STORED DATA.
◇ ◇ ◇ ◇ ◇
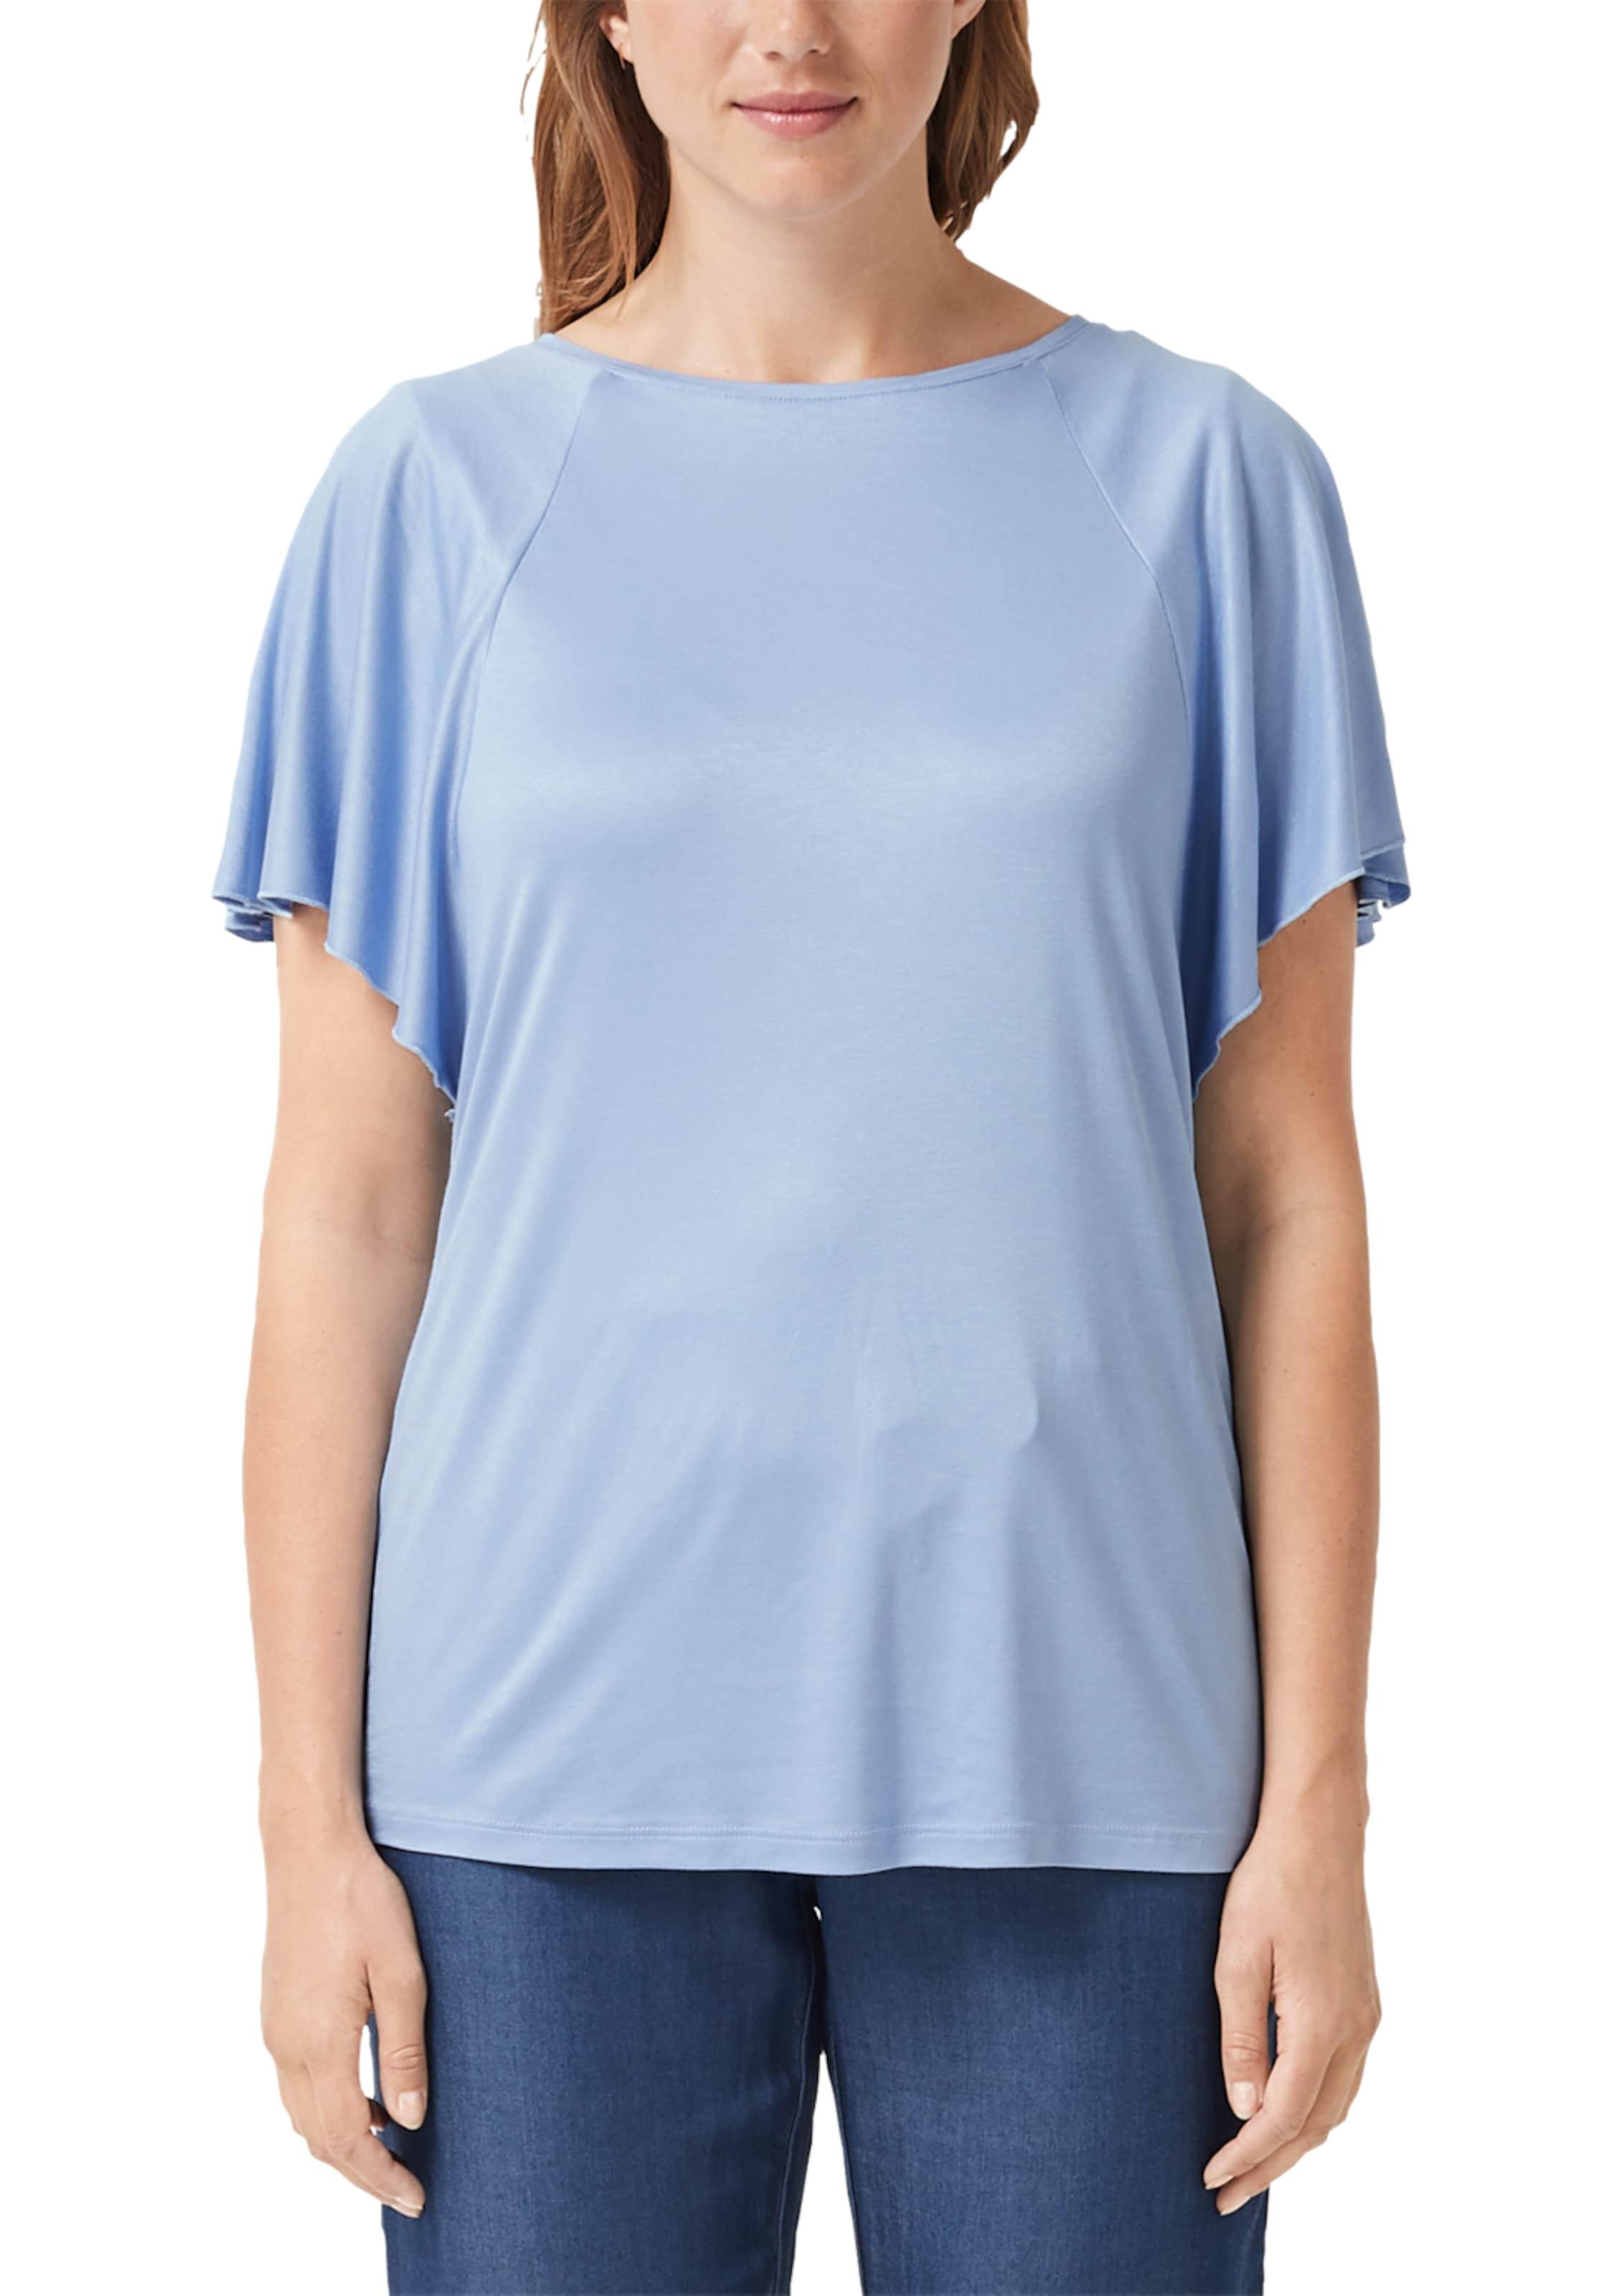 Rauchblau shirt Triangle T T shirt In Triangle In Rauchblau 8n0wPkO
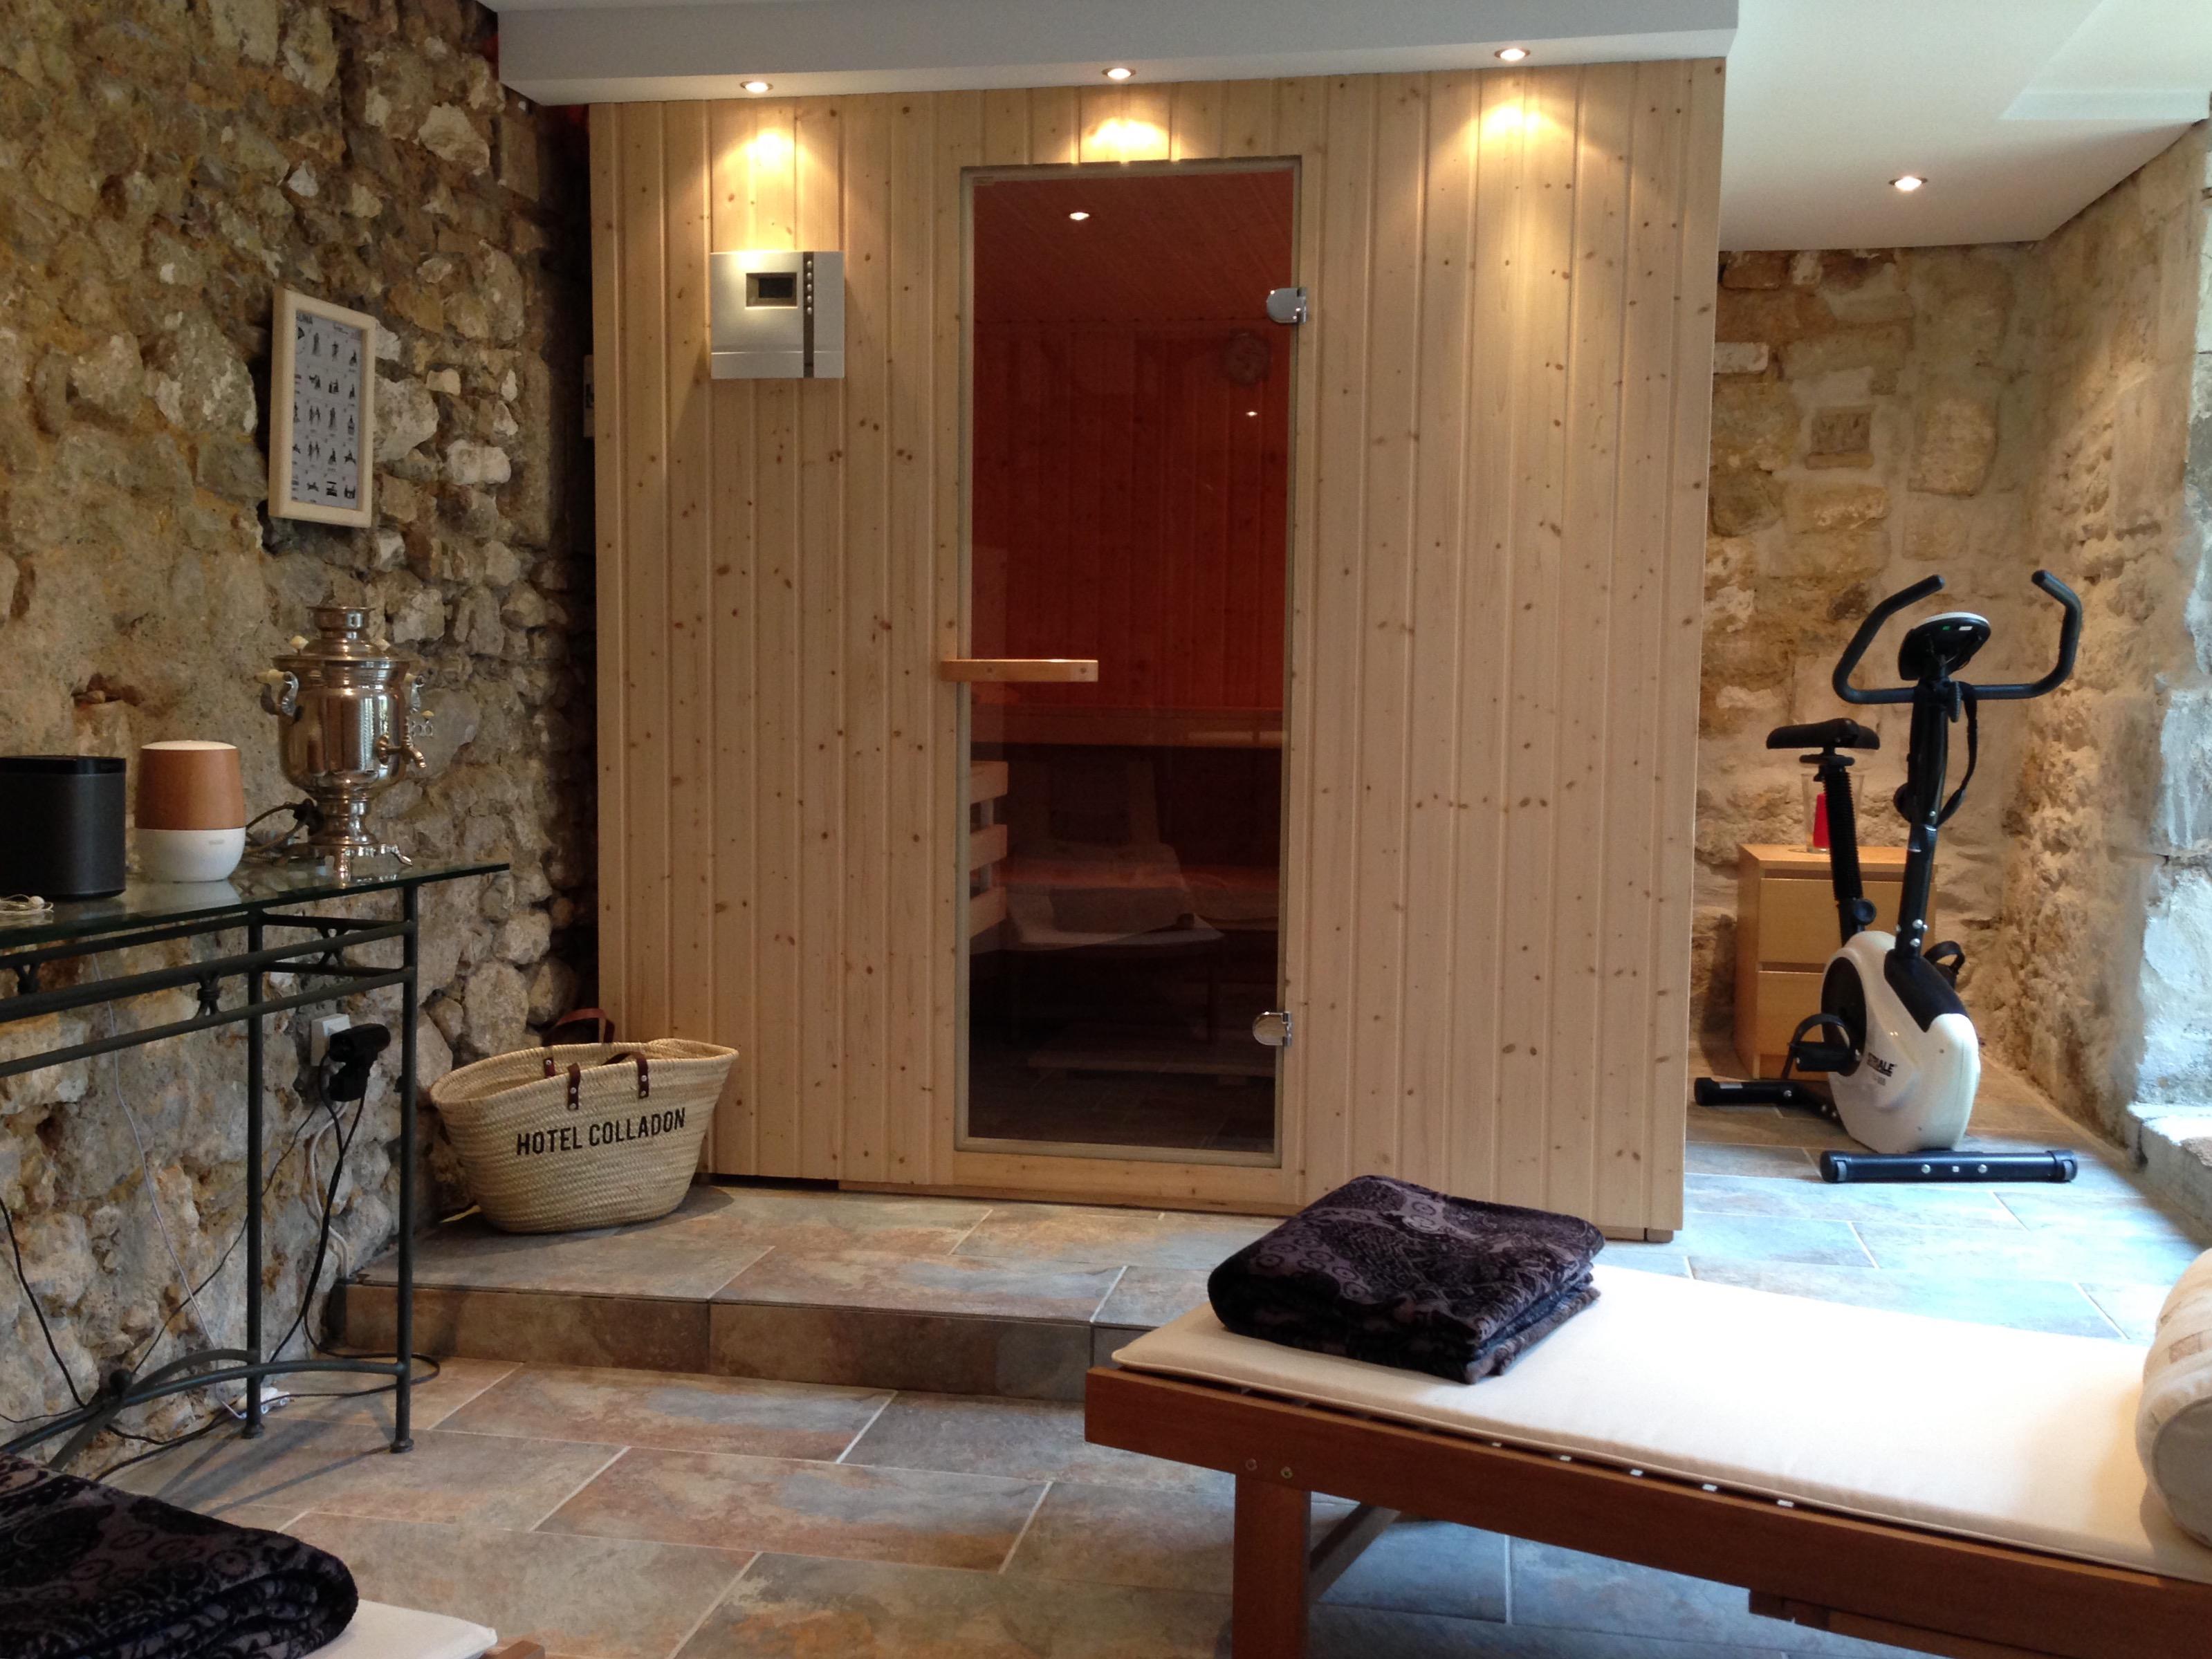 maison colladon bourges chambre d 39 h tes berry province. Black Bedroom Furniture Sets. Home Design Ideas
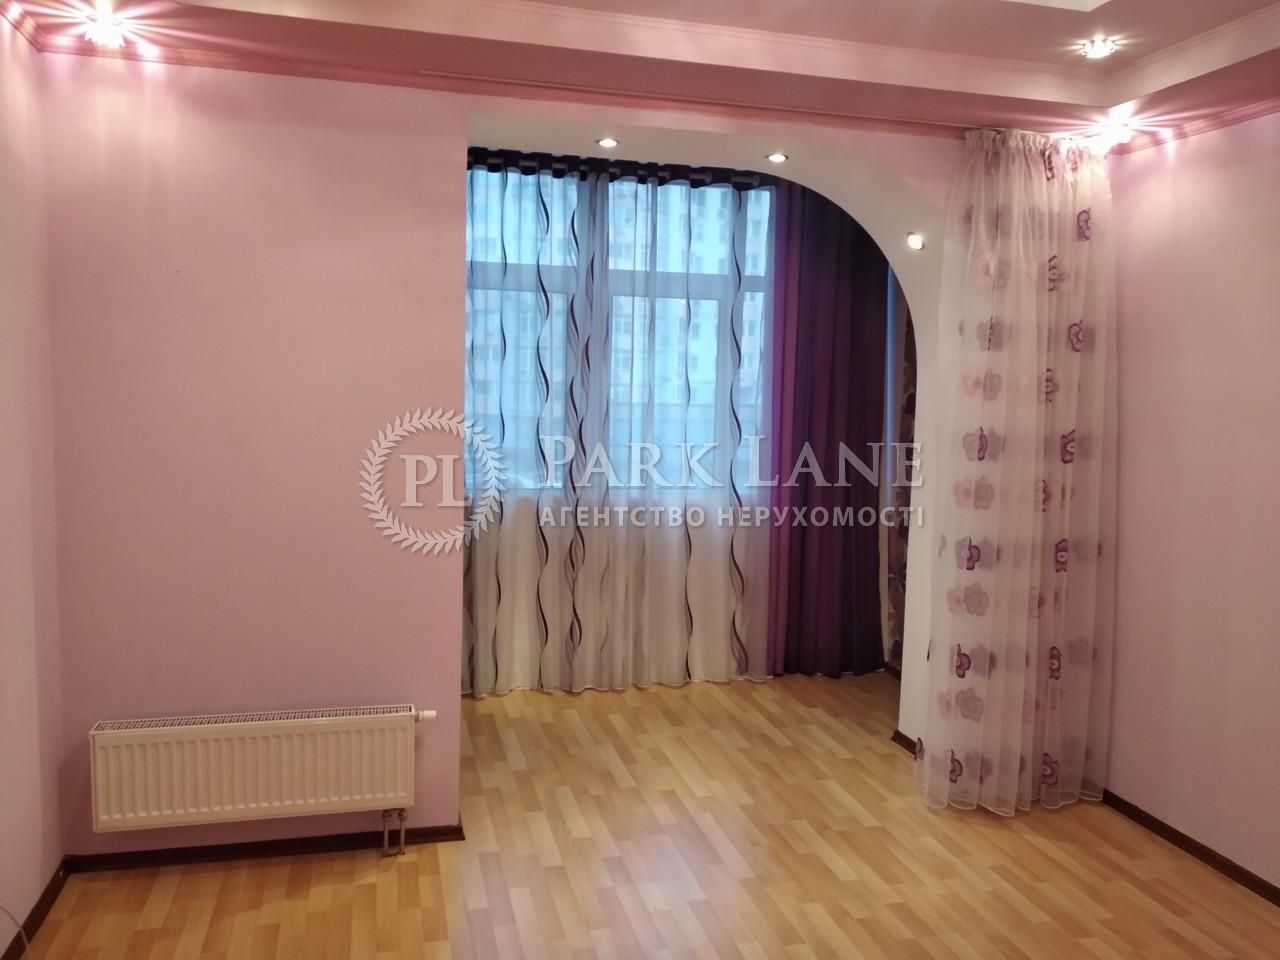 Квартира ул. Ломоносова, 54, Киев, Z-477471 - Фото 5
◇ ◇ ◇ ◇ ◇
WHAT THE TASK ASKS.
Take the line with "maison colladon bourges" and each line after it through the end of the material above, and reproduce them exactly, both ends included, without pictures.

SOLUTION.
 maison colladon bourges chambre d 39 h tes berry province. Black Bedroom Furniture Sets. Home Design Ideas
 Квартира ул. Ломоносова, 54, Киев, Z-477471 - Фото 5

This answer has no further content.